Abstract
AT first sight it would seem that no two countries had less in common than the two about which this book is written; but Count D'Alviella ingeniously and correctly shows, in his thoughtful preface, that they, or rather the Lapps and Arabs, have many circumstances in common. These two peoples “lead the same vagabond existence; they live exclusively upon their herds, they carry with them all they have and that they possess, and they make analogous migrations at the changes of the seasons—the Lapps from the Swedish steppes to the Norwegian valleys, the Arabs from the plains of Sahara to the pastures of Tell.
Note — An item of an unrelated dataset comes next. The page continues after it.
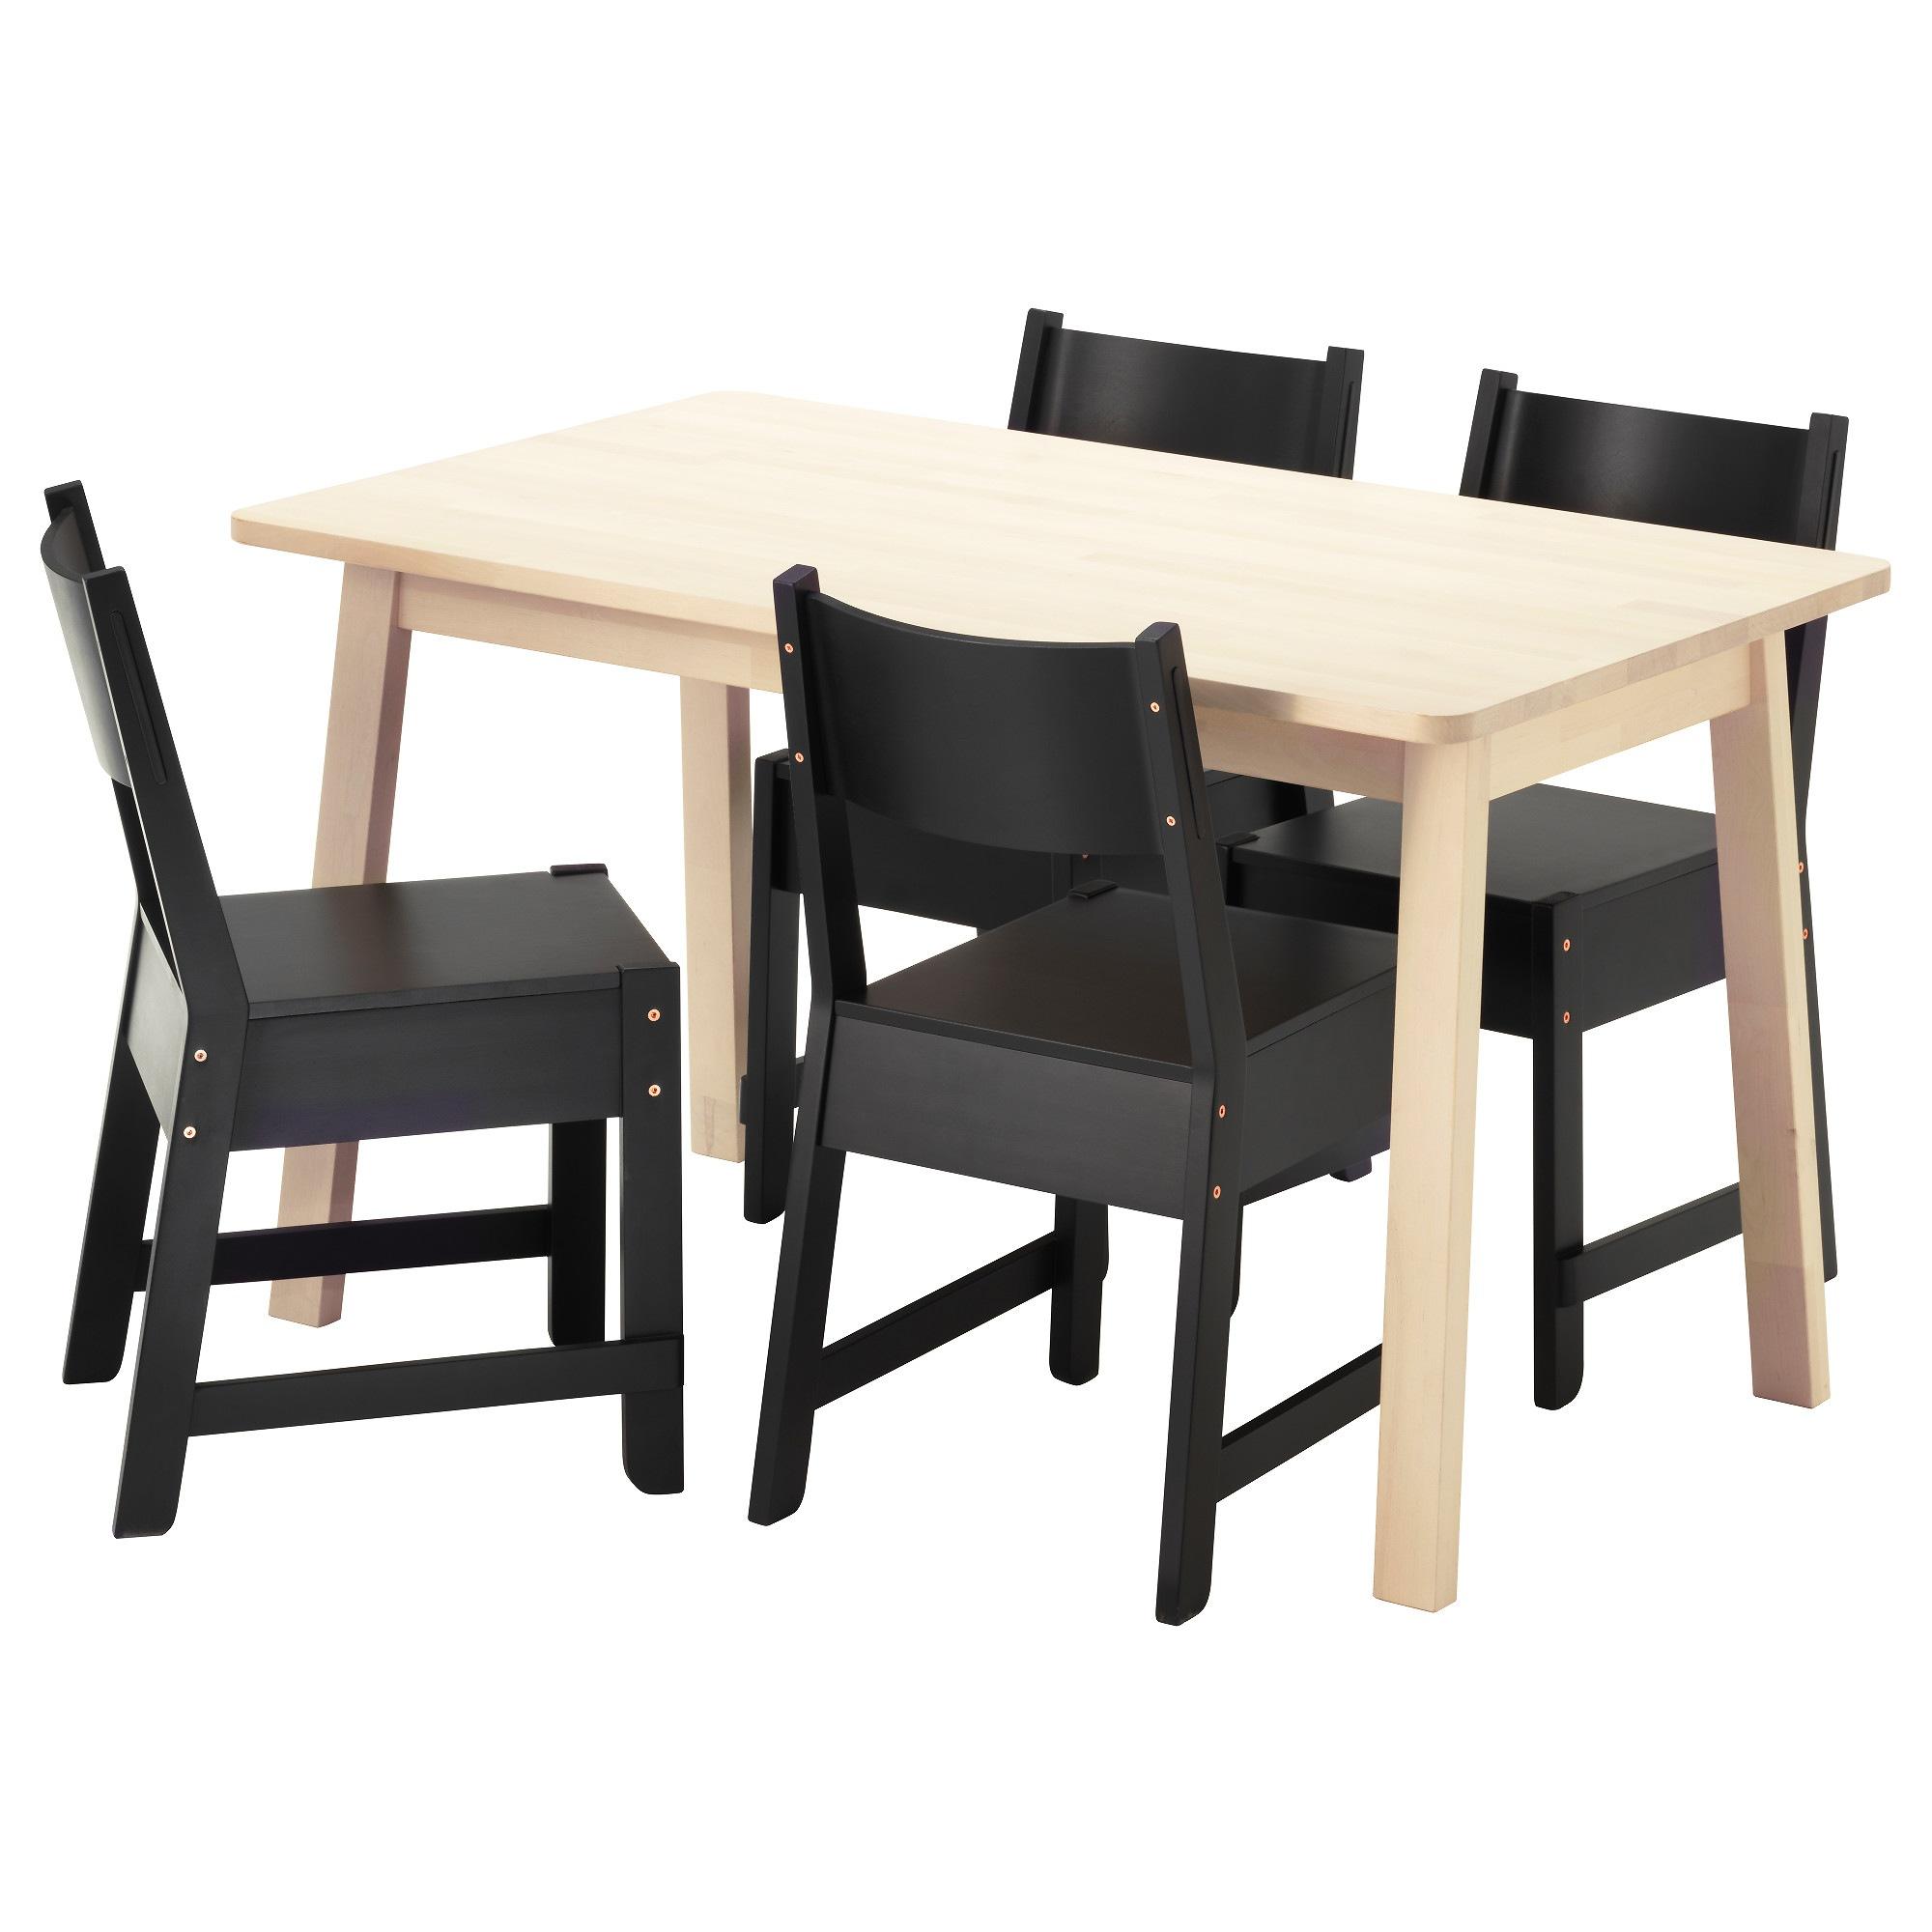 [ด่วน!! โปรโมชั่นมีจำนวนจำกัด] โต้ะ เก้าอี้ ชุดโต้ะเก้าอี้ โต้ะกินข้าว เก้าอี้กินข้าว โต้ะทานข้าว โต้ะรับแขก โต๊ะและเก้าอี้ 4 ตัว โต๊ะคาเฟ่ NORRÅKER / NORRÅKER

In this manner of life they have both acquired the same strength of constitution, or rather the same power of resisting such fatigue, privations, and weather as would kill the most robust European. … Both the Lapps and the Arabs—who are rather the slaves than the masters of Nature—owe their consciousness of isolation and powerlessness to the same superstitions, the same beliefs in spirits, to the ‘evil eye,’ in amulets, and in incantations. … Both races—restricted for centuries to a form of society unsuitable to any kind of progress—affect the same respect for the routine of their ancestors, and the same disdain for the arts of civilisation.” The author concludes rightly, we think, that both peoples, incapable as they are of transformation or civilisation, are doomed to disappearance. Many attempts have been made by the Swedish and French Governments to get these nomads to settle down into civilised life, but invariably without success. The author, on the authority of M. Charles Martins, relates that the French Government gave to a number of the poorest Arabs of the Sahara some fertile fields with a ready-built village, and even a mosque in the middle of it. They reserved the houses for their flocks, and pitched their tents in the streets; until one day the nostalgia of the desert seized upon them, and they returned rejoicing to their wandering life.
Sahara and Lapland. Travels in the African Desert and the Polar World.
By Count Goblet D'Alviella. Translated from the French by Mrs. Cashel Hoey. (London: Asher and Co., 1874.)